Logo Polskiego Radia
polskieradio.pl
Marcin Nowak 01.09.2011

PZPN broni Piszczka w sprawie dyskwalifikacji

Przedstawiciel PZPN złożył odwołanie w sprawie dyskwalifikacji Łukasza Piszczka za udział w korupcji w polskim futbolu - dowiedział się portal polskieradio.pl.

Od sześciomiesięcznej kary bezwzględnej dyskwalifikacji odwołał się nie tylko obrońca samego Łukasza Piszczka, ale także rzecznik ochrony prawa związkowego PZPN - Józef Komandzik. - Obaj wskazywali na niewspółmierność kary do zarzucanych czynów - powiedział portalowi polskieradio.pl Artur Jędrych - szef Wydziału Dyscypliny PZPN.

Teraz odwołaniami zajmie się Związkowy Trybunał Piłkarski. Szef tego organu Włodzimierz Głowacki powiedział dzisiaj "Przeglądowi Sportowemu", że nie wiadomo jeszcze kiedy rozpatrzona zostanie sprawa reprezentanta Polski.

Łukasz Piszczek zmienił zdanie

- Najpierw musimy zbadać, czy takie odwołanie spełnia wszystkie wymogi formalne, czasami trzeba poprosić o uzupełnienie dokumentów. Trybunał spotyka się średnio raz na dwa tygodnie - stwierdził w rozmowie z dziennikiem.

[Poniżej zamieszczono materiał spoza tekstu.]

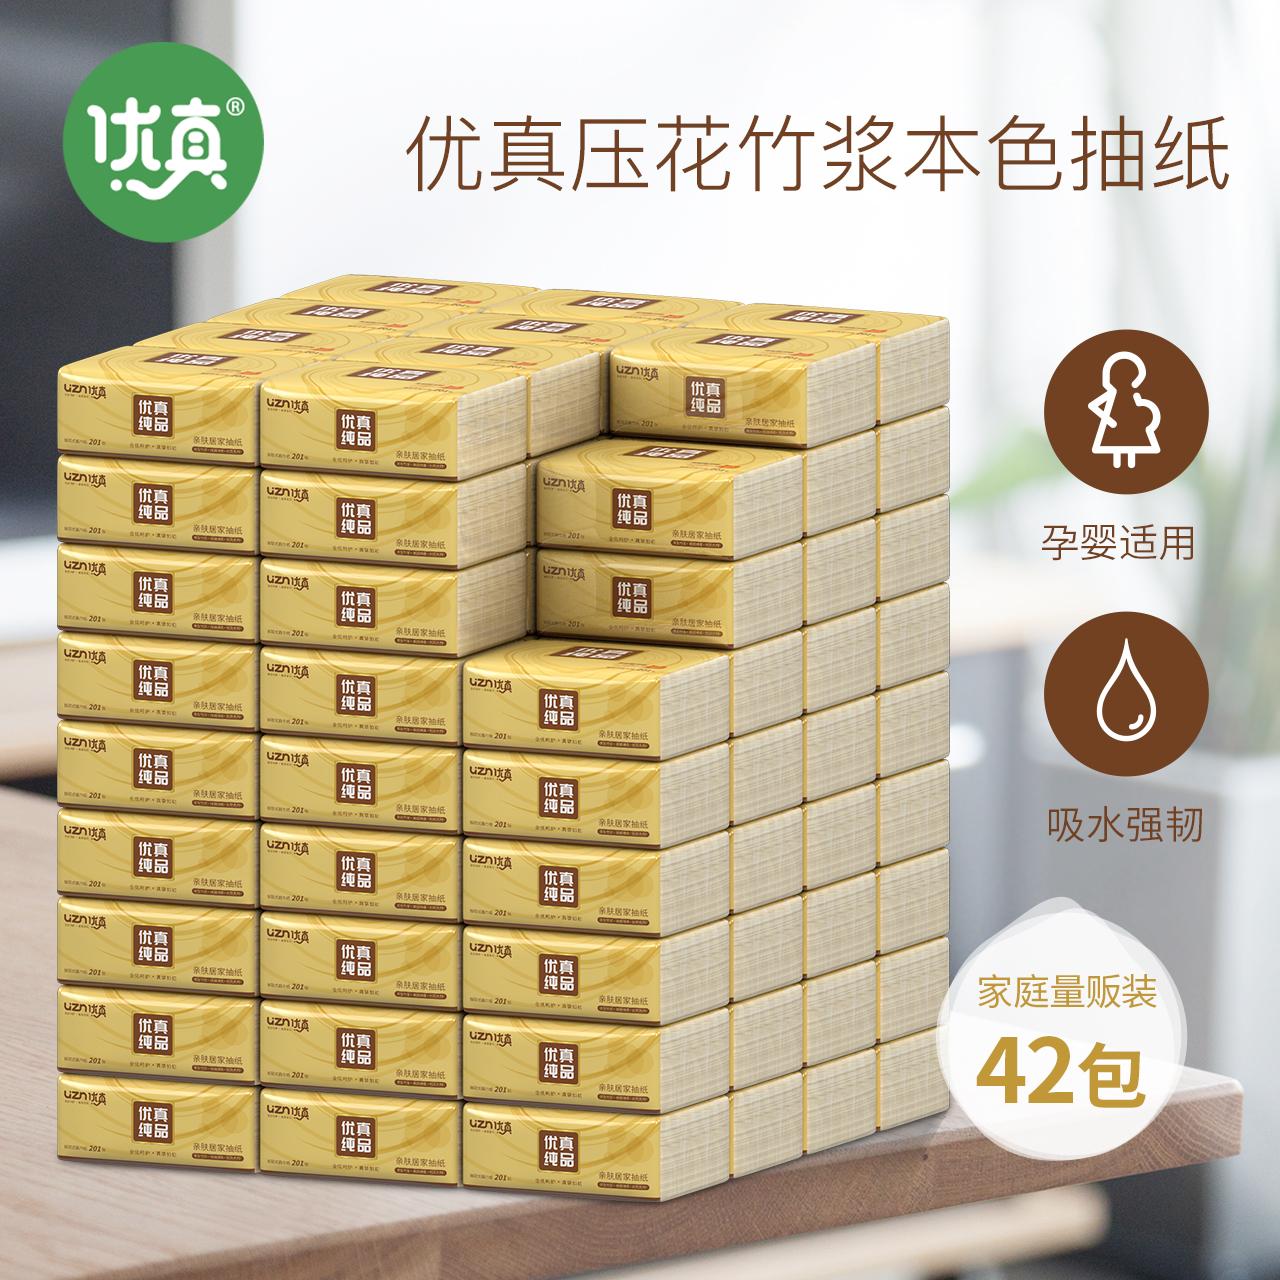 42包竹浆本色抽纸家用卫生纸巾实惠装擦手纸抽取式餐巾纸整箱批发

Łukasz Piszczek został oskarżony przez wrocławską prokuraturę apelacyjną o udział w ustawieniu meczu jego ówczesnej drużyny Zagłębia Lubin z Cracovią w 2006 roku (mecz dał Zagłębiu awans do Pucharu UEFA) i dobrowolnie poddał się karze. Został skazany w czerwcu przez wrocławski sąd na karę roku więzienia w zawieszeniu na 3 lata, 100 tys. zł grzywny i zwrot 48,1 tys. zł. otrzymanej premii za awans do pucharu UEFA.

W lipcu zawodnik Borussii Dortmund został zdyskwalifikowany przez WD PZPN na pół roku. Mimo początkowych zapowiedzi, że nie będzie odwoływał się od tej kary ostatecznie zmienił zdanie.

Miało nie być nacisków ze strony PZPN

W spraiwe Łukasza Piszczka głos zabierał niedawno także szef piłkarskiej centrali - Grzegorz Lato. - Nie wyobrażam sobie, żeby Łukasz się nie odwołał. W przeciwnym razie będzie miał kłopoty sportowe również u siebie w Borussii Dortmund, przecież UEFA i FIFA zwracają szczególną uwagę na przypadki korupcji - powiedział prezes PZPN.

- Nie zamierzam naciskać na Związkowy Trybunał Piłkarski (komisja odwoławcza PZPN, do której może trafić odwołanie Piszczka - PAP), tak samo jak nie wywierałem żadnej presji na Wydział Dyscypliny. Nie wyjdę przed szereg. Poczekajmy, zawodnik ma jeszcze trochę czasu. Nie ja prowadzę tę sprawę - podkreślił Lato.

Sprawa Janusza Wójcika odroczona

Dzisiaj WD PZPN miał się też zająć sprawą oskarżonego o korupcję Janusza Wójcika. Jednak były trener reprezentacji Polski zażądał obecności adwokata na posiedzeniu i dlatego sprawa została przełożona na początek października.